**RAW DATA**.
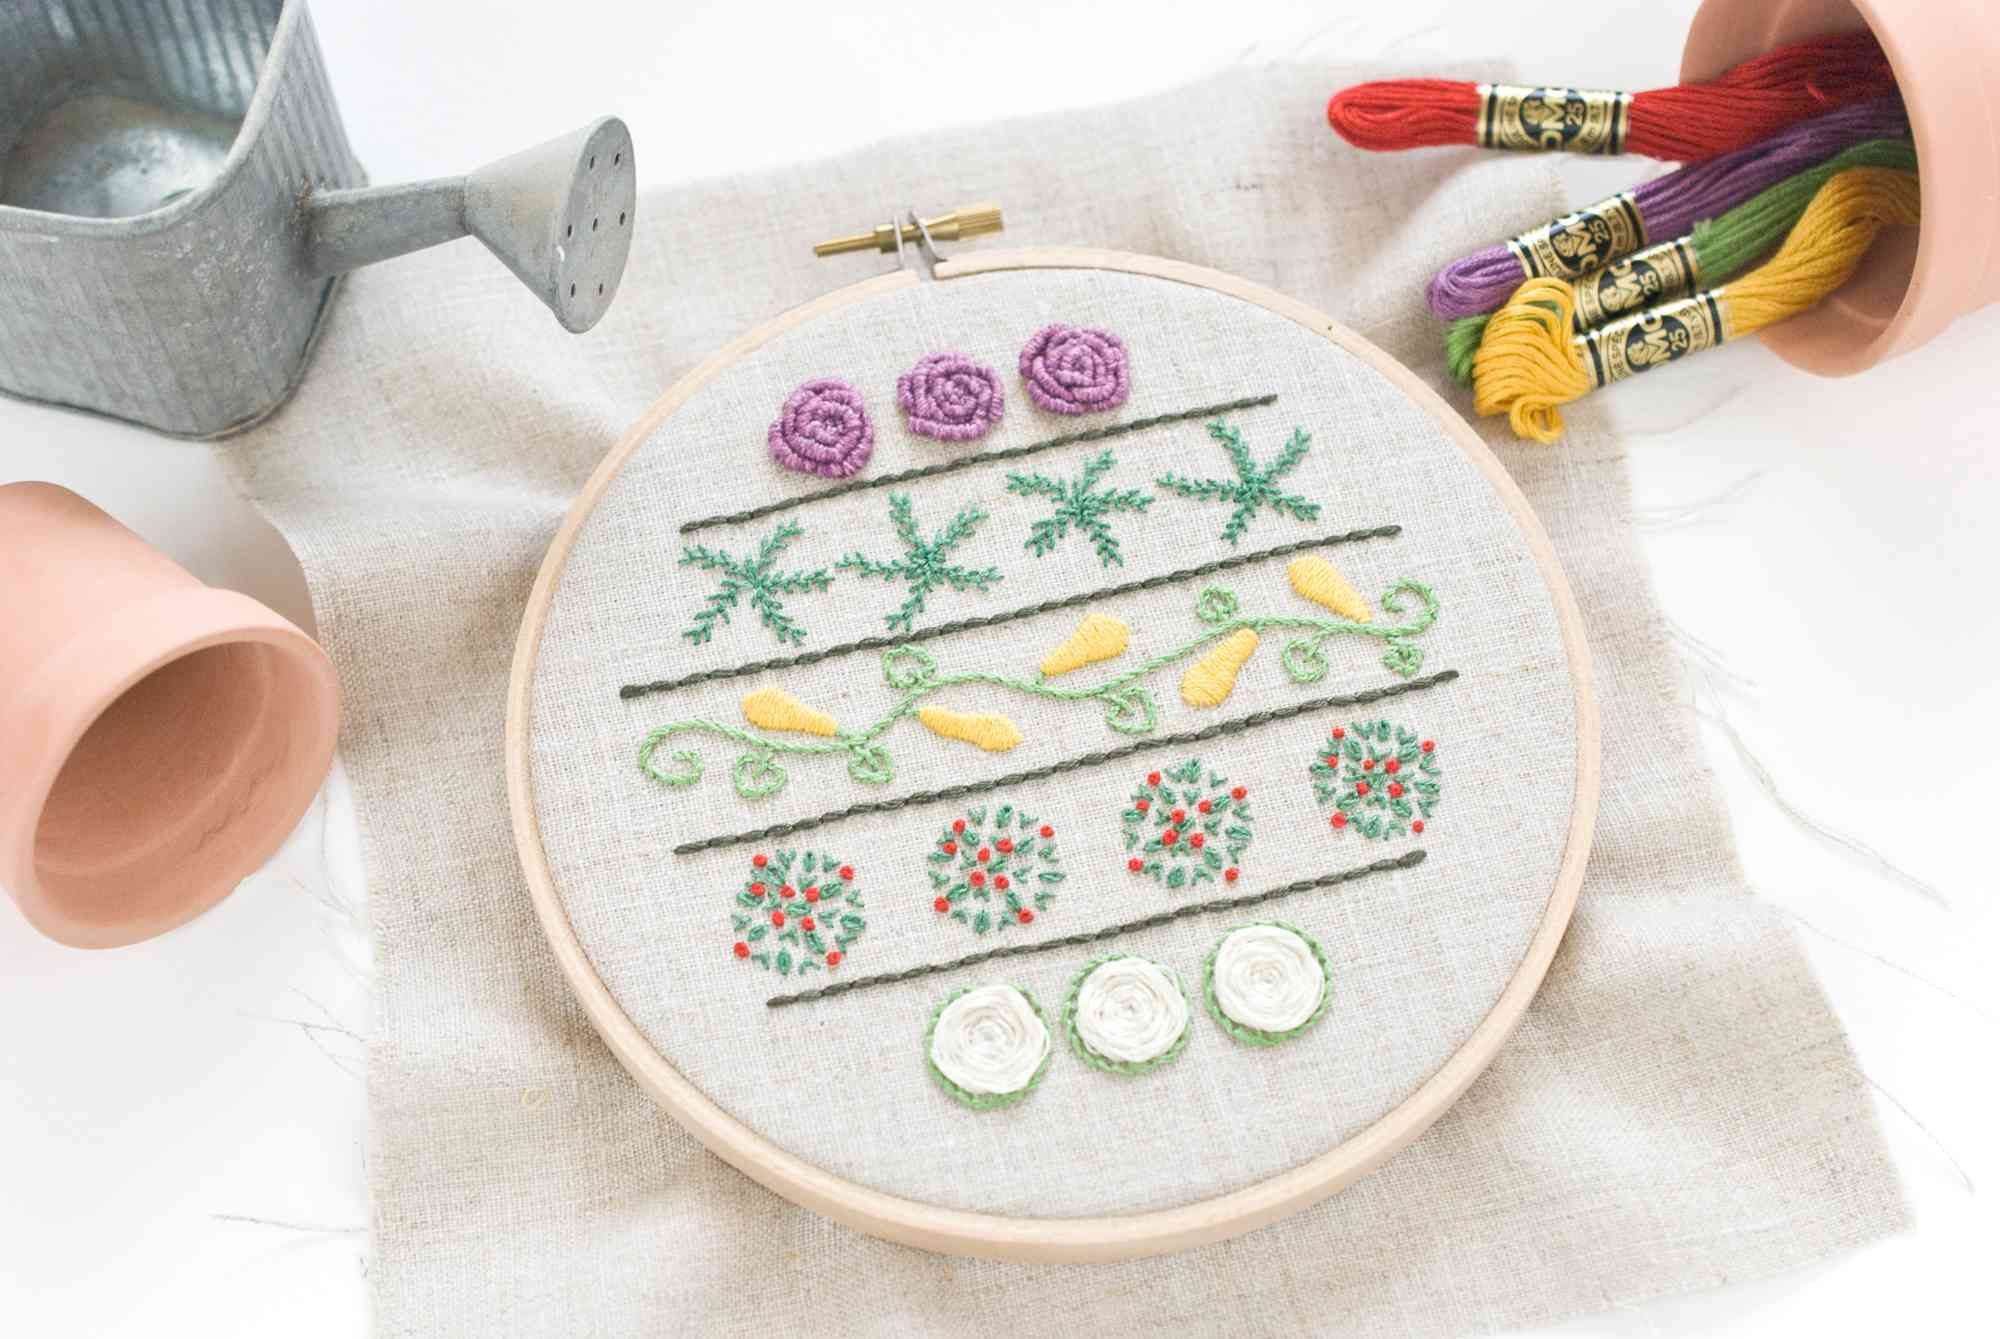 Embroidery Sampler Patterns 8 Embroidery Sampler Patterns
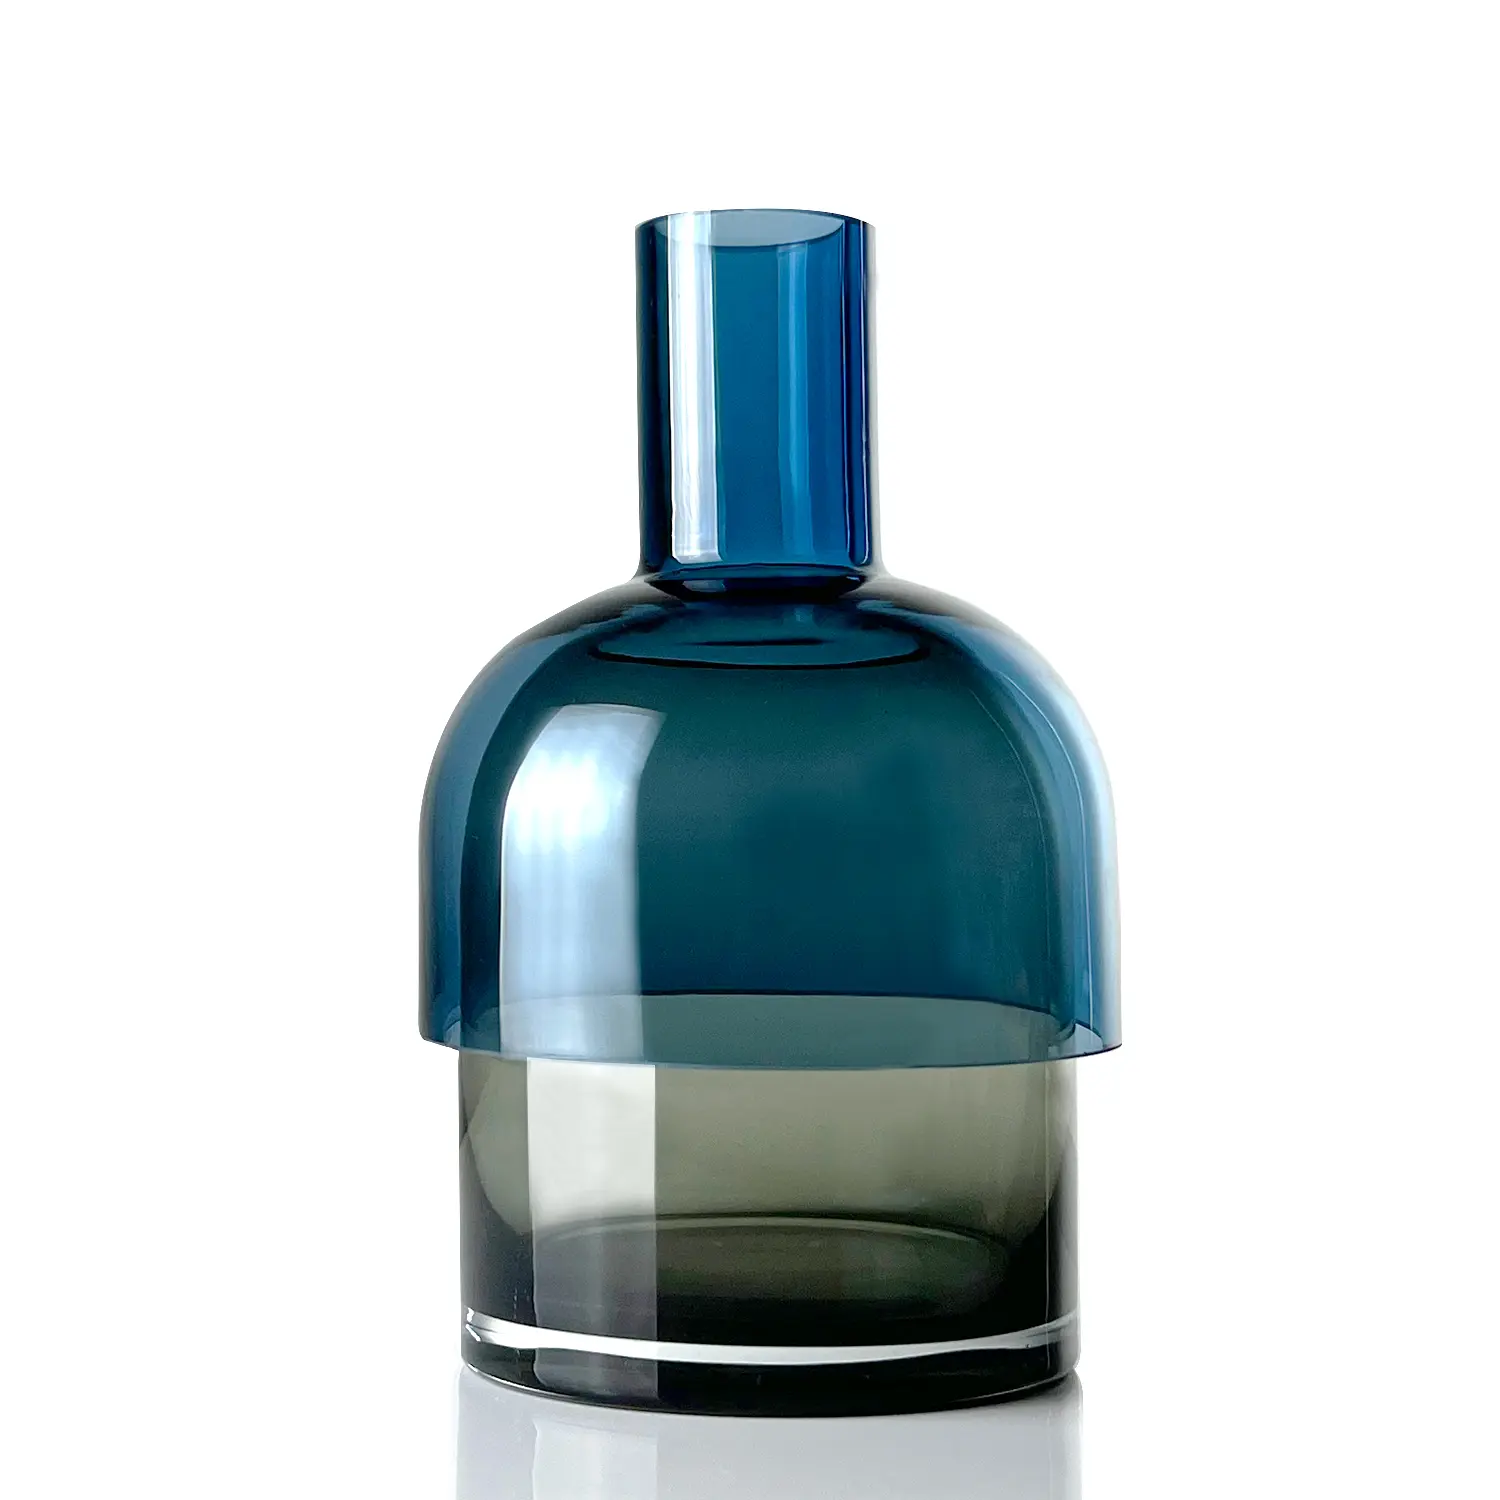 Flip Vase Blue and Gray - Large
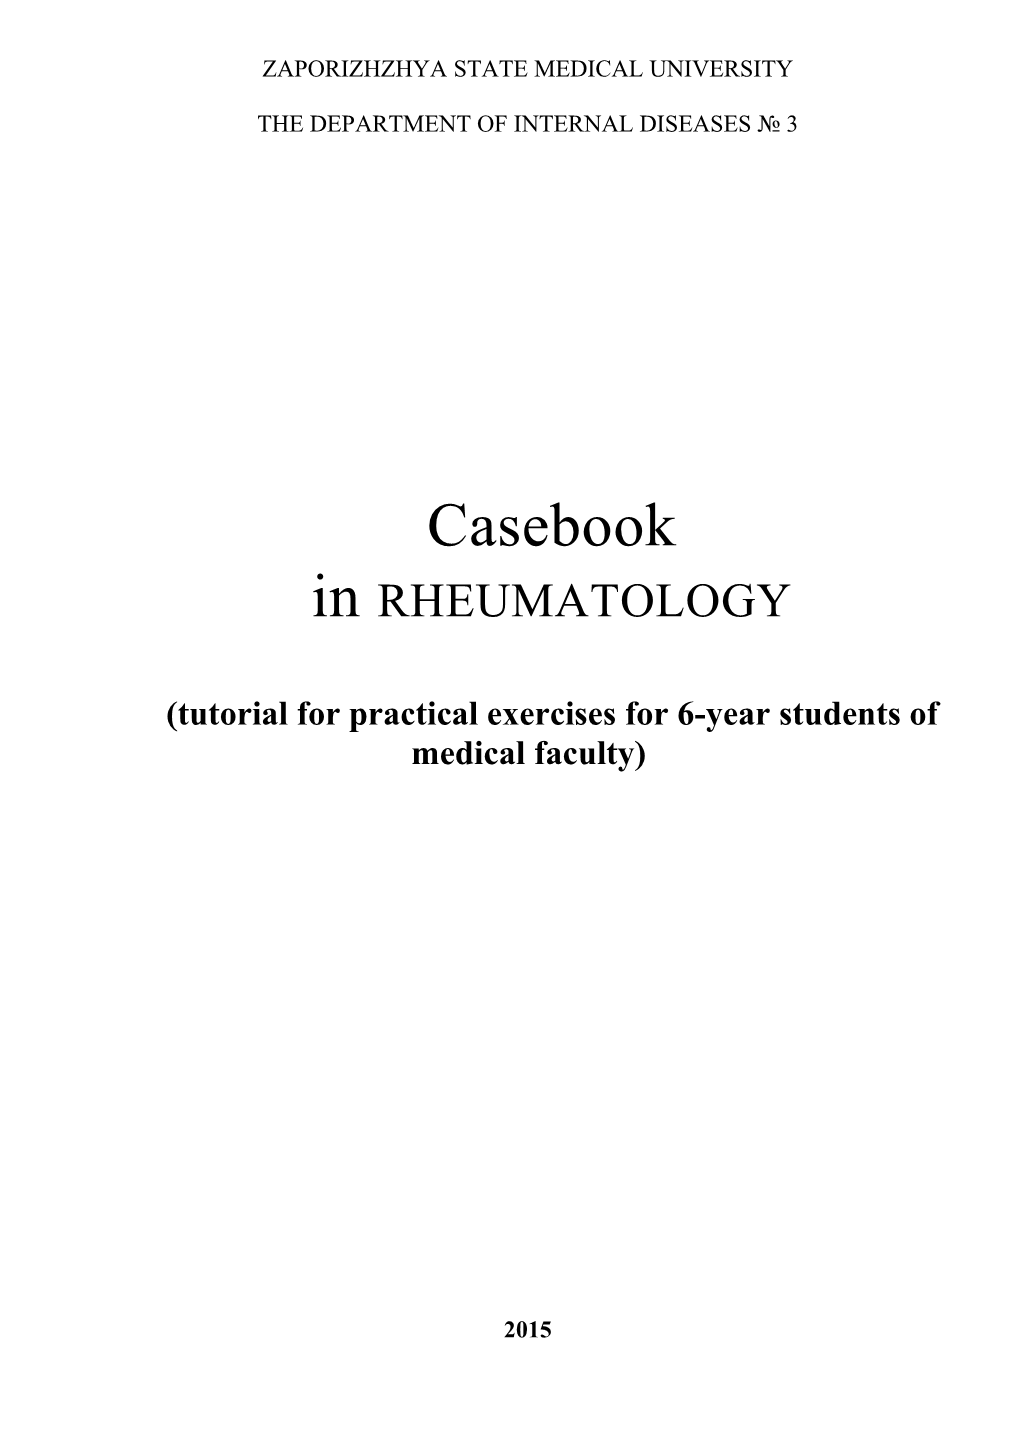 Casebook in RHEUMATOLOGY

**WHAT THE TASK REQUIRES**. Repeat the material above exactly; any picture in it is left out.

**SOLUTION**.
 Embroidery Sampler Patterns 8 Embroidery Sampler Patterns
 Flip Vase Blue and Gray - Large
 Casebook in RHEUMATOLOGY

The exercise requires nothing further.